It is a costly affair. The American Dream is a pact with the devil, and, of course, opportunity comes at a price. Time and time again, sprawling American epics from The Godfather (1972) to There Will Be Blood (2007) have nailed in the same sinister motifs, so The Brutalist isn’t necessarily digging up earth-shattering revelations. That said, director Brady Corbet probes the foundation of the dream, particularly how this idea is concretized in postwar America. And what’s truly shocking about The Brutalist is not that it teaches us something new, but that it presents an America we recognize—hollowed out yet standing on the same eroded foundations.
Its three-and-a-half-hour runtime is dedicated to an atmospheric exploration of American life—family, legacy, success, you name it—rather than anything concise. It does, however, set the tone immediately, commencing with a disorienting, upside-down shot of Lady Liberty as Adrien Brody’s László Tóth arrives in the United States from the ruins of WWII.
A Hungarian architect and Holocaust survivor, Tóth arrives destitute. He is only welcomed by his cousin, Attila (Alessandro Nivola)—who had Americanized not just his name but his business and his principles. Given a second chance, Tóth is helped by Attila to secure a job redesigning the library of Harrison Van Buren, a wealthy plutocrat played with a nefarious edge by Guy Pearce.

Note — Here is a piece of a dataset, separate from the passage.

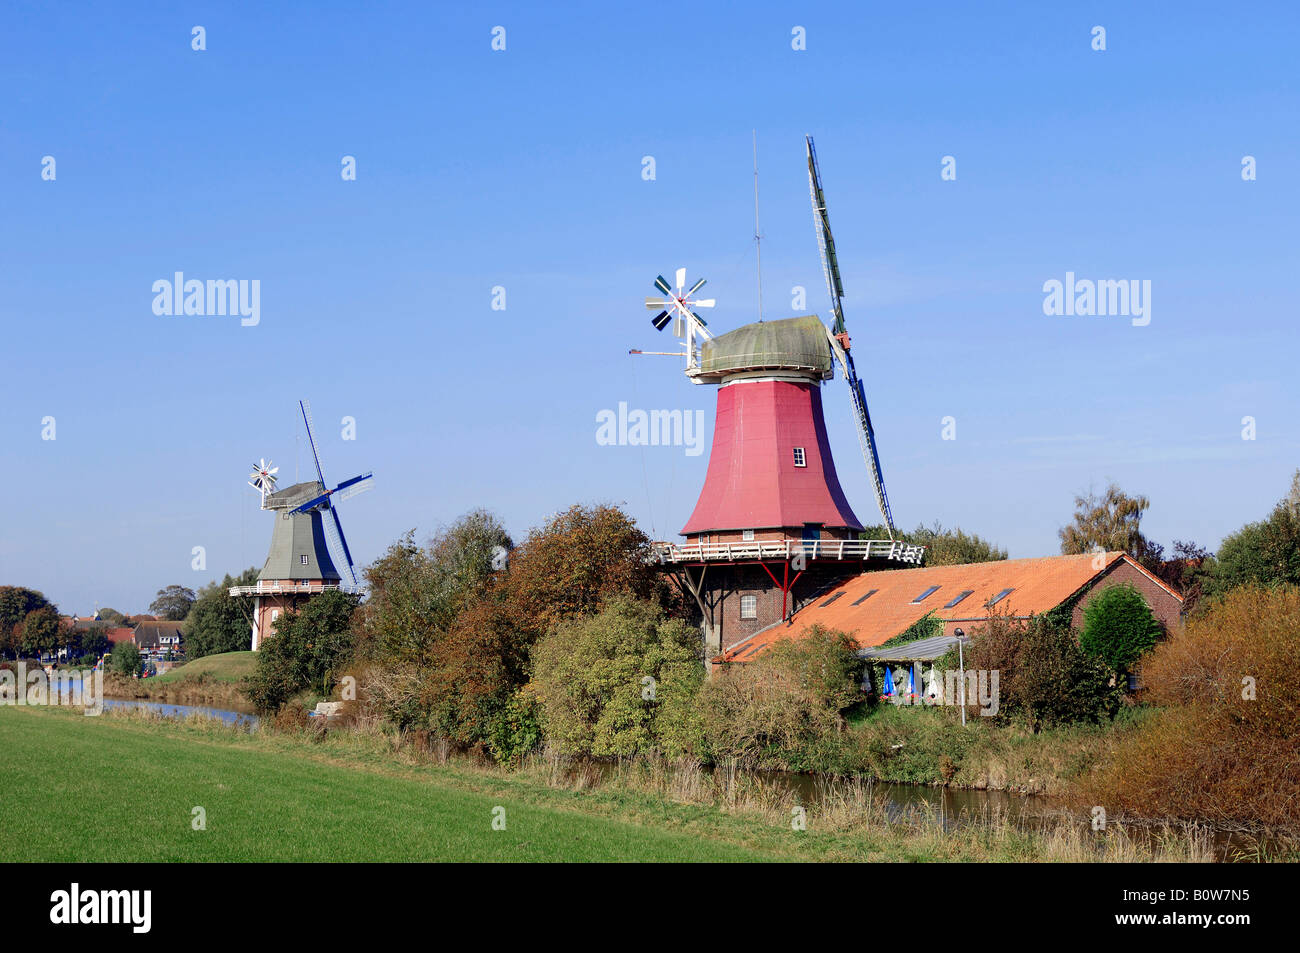 Windmills, twin windmills, Greetsiel, East Frisia, Lower Saxony, Germany, Europe - Stock Image

Van Buren is initially furious at the two men hired by his foolish son, Harry (Joe Alwyn). However, after researching Tóth’s esteemed European background, he has a change of heart. Van Buren proposes Tóth’s deal with the devil: Tóth will design a monumental community center featuring a church, library, gymnasium, and auditorium atop a hill in Pennsylvania.

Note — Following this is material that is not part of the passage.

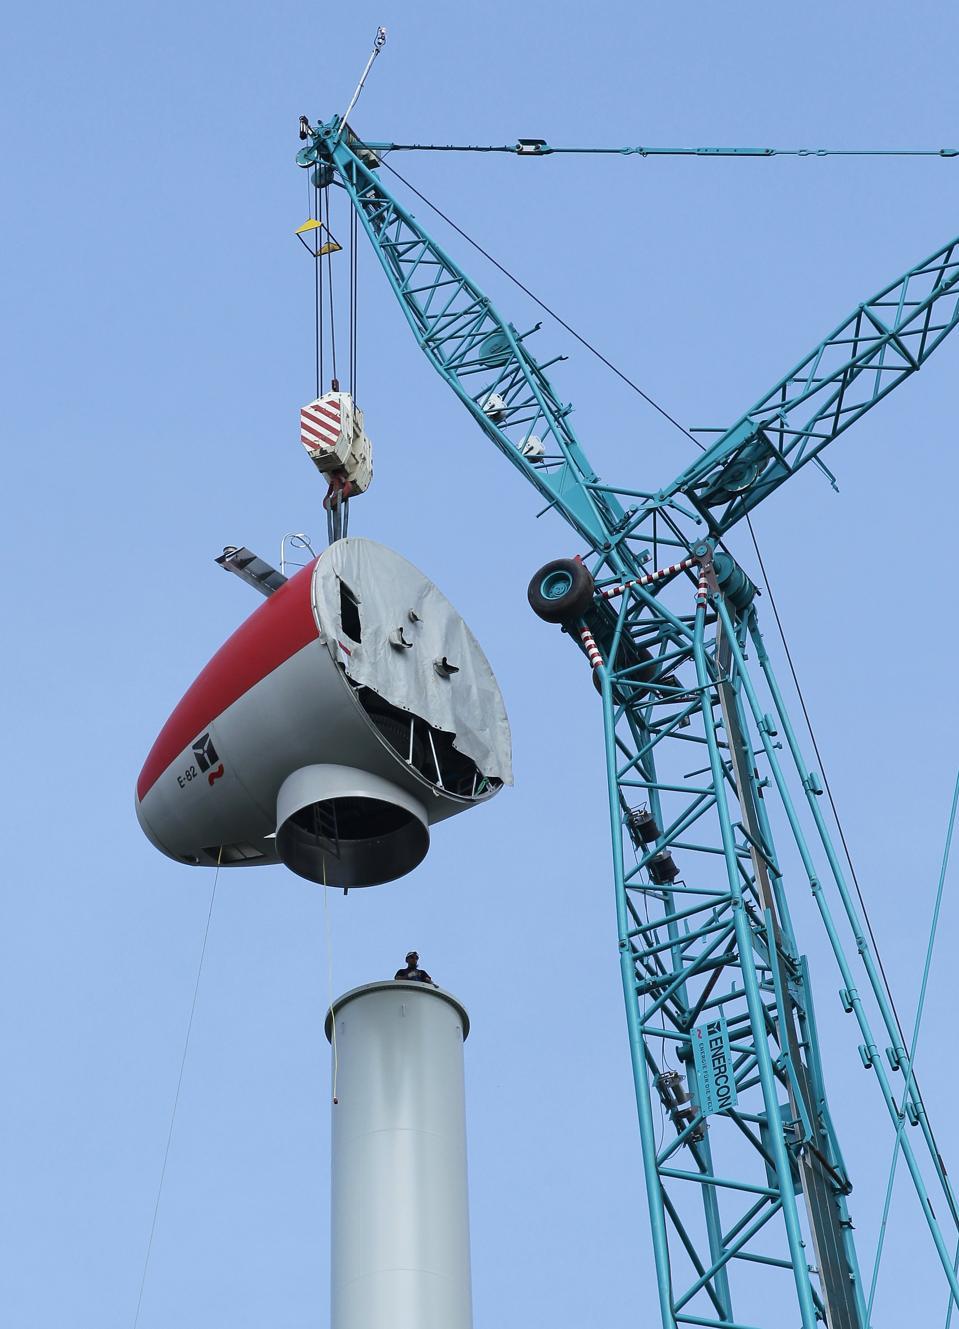 German wind turbine under construction.

This colossus costs Tóth everything as he battles for his art form against every odd: a volatile capitalist, drug addiction, and the uphill revival of his legacy. Like any quintessential American epic, the relentless pursuit comes at a steep cost to family, unraveling as his wife, Erzsébet (Felicity Jones), and orphaned niece, Zsófia (Raffey Cassidy), finally set foot in America.
The Brutalist is Corbet’s colossus: it’s a massive American epic that damns the ground we stand on. Corbet achieves this without leaning too heavily on his predecessors, instead forging a myth from the bedrock of this country’s brutal psyche. 215 min.